Сейед Мири - Общественная мысль Алламы Джа‘фари
Одной из авангардных теорий, во многом знаменующей появление новой парадигмы, является новое направление трансперсональной социальной теории, сформировавшееся в дисциплинарных рамках психологии. В ответ на революцию сознания, обусловленную контркультурой 1960-х и привлекшую всеобщий интерес к «изменённым» состояниям сознания, восточным философским и духовным течениям [многовековым традициям философии и мистицизма], экологическому сознанию, общественному активизму и появлению спекулятивной или «пограничной» науки. Абрахам Маслоу, Станислав Гроф[38], Энтони Сутич[39] и Джеймс Фейдимен[40] предложили термин «трансперсональное» или новое «четвёртое течение» психологии (первыми тремя были бихевиориозм, психоанализ и гуманистическая психология) [в более широком контексте социальной теории и философии]. Префикс «транс» указывает на концепцию трансцендентного, стоящего за целым рядом явлений, связанных с опытом “распространения идентичности за пределами индивидуальности и личности”[41].
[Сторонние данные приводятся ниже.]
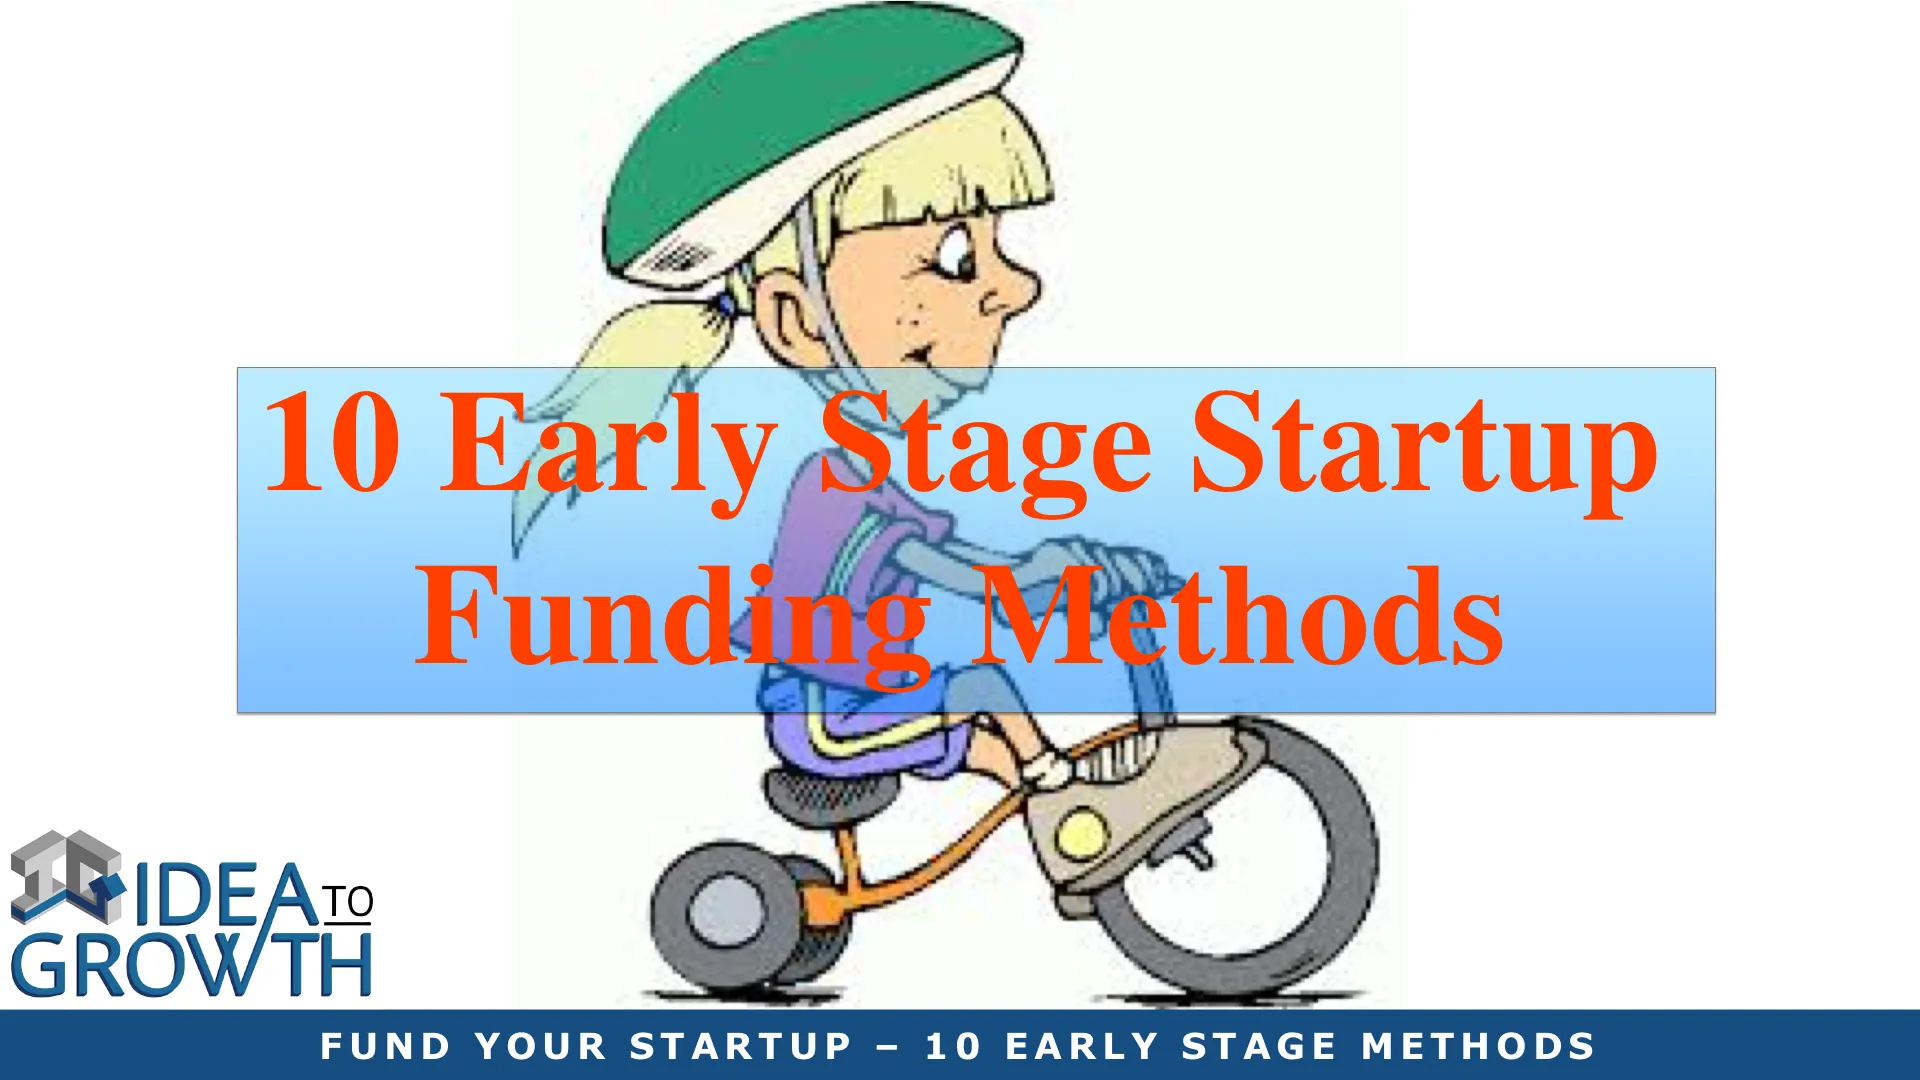 FUND YOUR STARTUP – 10 EARLY STAGE METHODS
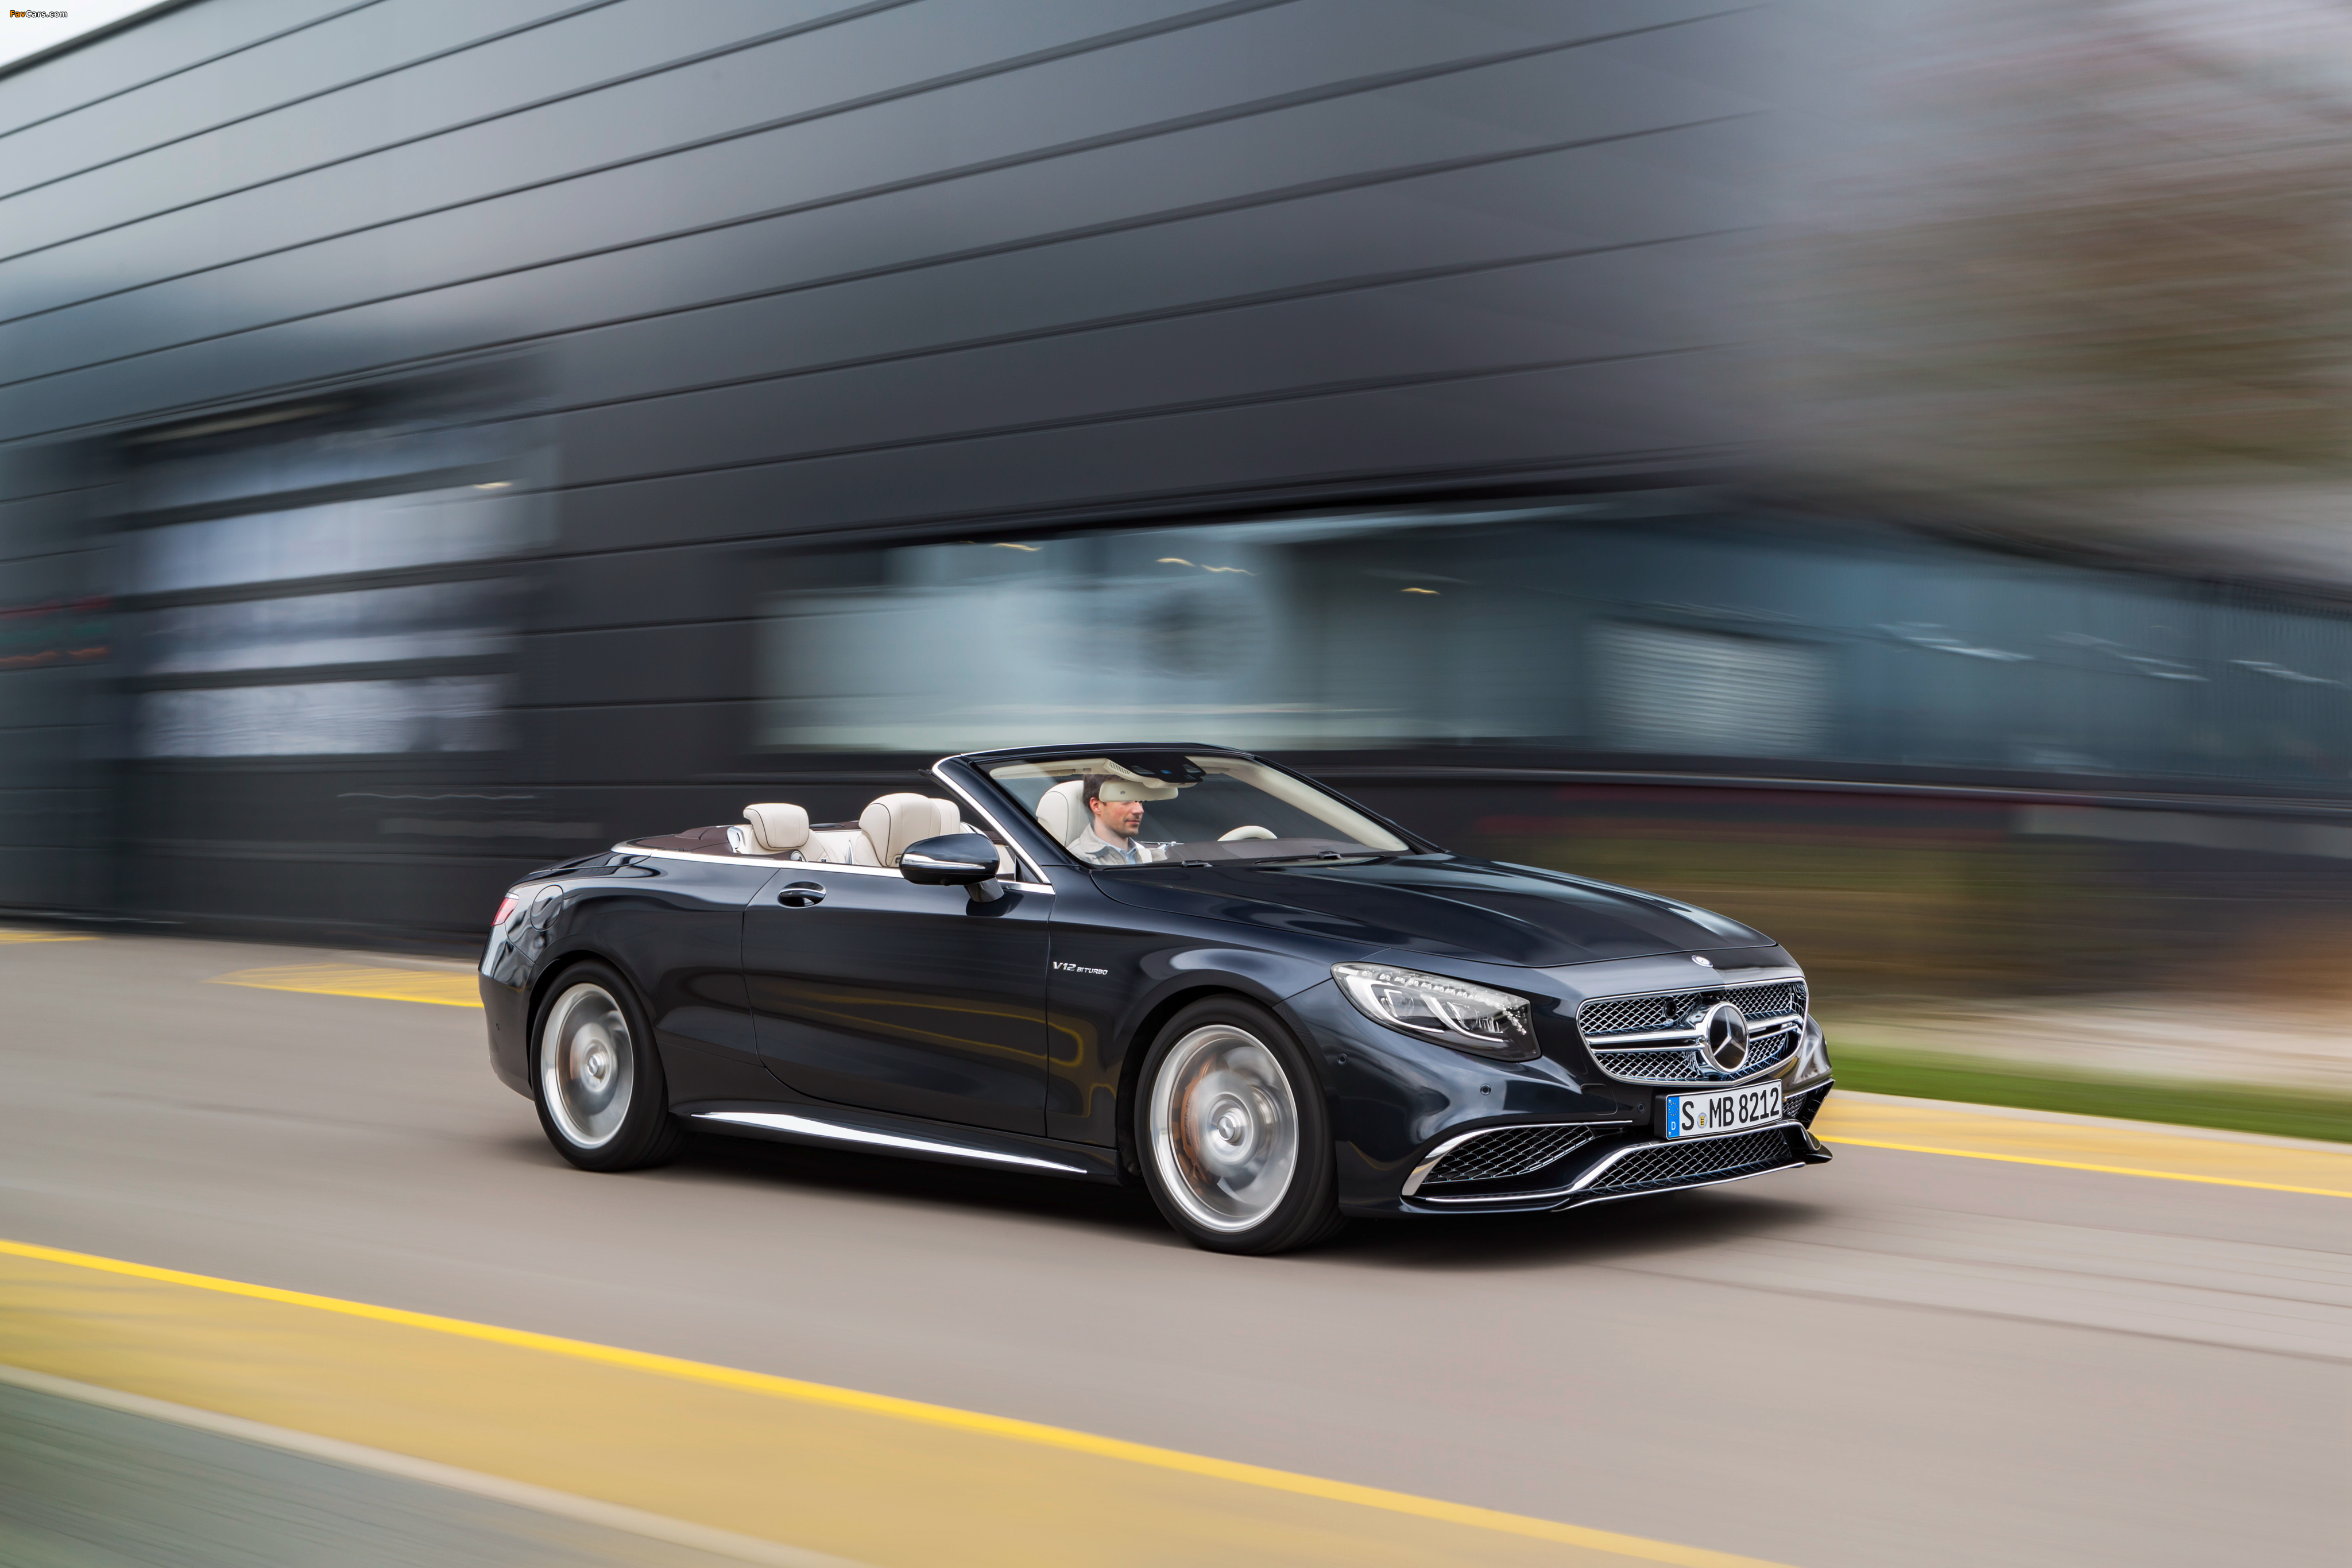 Mercedes-AMG S 65 Cabriolet (A217) 2016 wallpapers (4096 x 2731)

Серьёзный анализ подобного опыта заставил трансперсональную теорию покинуть русло основного течения социальной теории. С одной стороны, он позволил ей отрыться реальности Духа в его разнообразных проявлениях (мифах и видениях, медитации и других созерцательных практиках, в философии, искусстве, религиозных учениях и ритуалах) и, таким образом, свободно использовать знания из таких областей, как религиоведение, культурная антропология и сравнительная философия. С другой стороны, попытка выделить более полные и согласованные модели психики, способные охватить трансцендентный опыт, вывела трансперсональную социальную теорию на путь осмысления ценности концептуальных параллелей с передовыми естественнонаучными дисциплинами (новой физикой, эволюционной биологией, теорией систем). Ниже я рассмотрю междисциплинарный экскурс трансперсональной социальной теории, фокусируя взгляд на том, в какой степени её теоретические инновации воплощают принципы комплексного мышления, или диалогического, голографического принципа, и рекурсивности. Я уверен в том, что если трансперсональное [психологические тенденции в рамках социальной теории] уже достигло уровня значительной теоретической зрелости, то установление диалога с парадигмой сложности, согласно определению Морена, в большой степени помогло бы ему реализовать свой междисциплинарный потенциал.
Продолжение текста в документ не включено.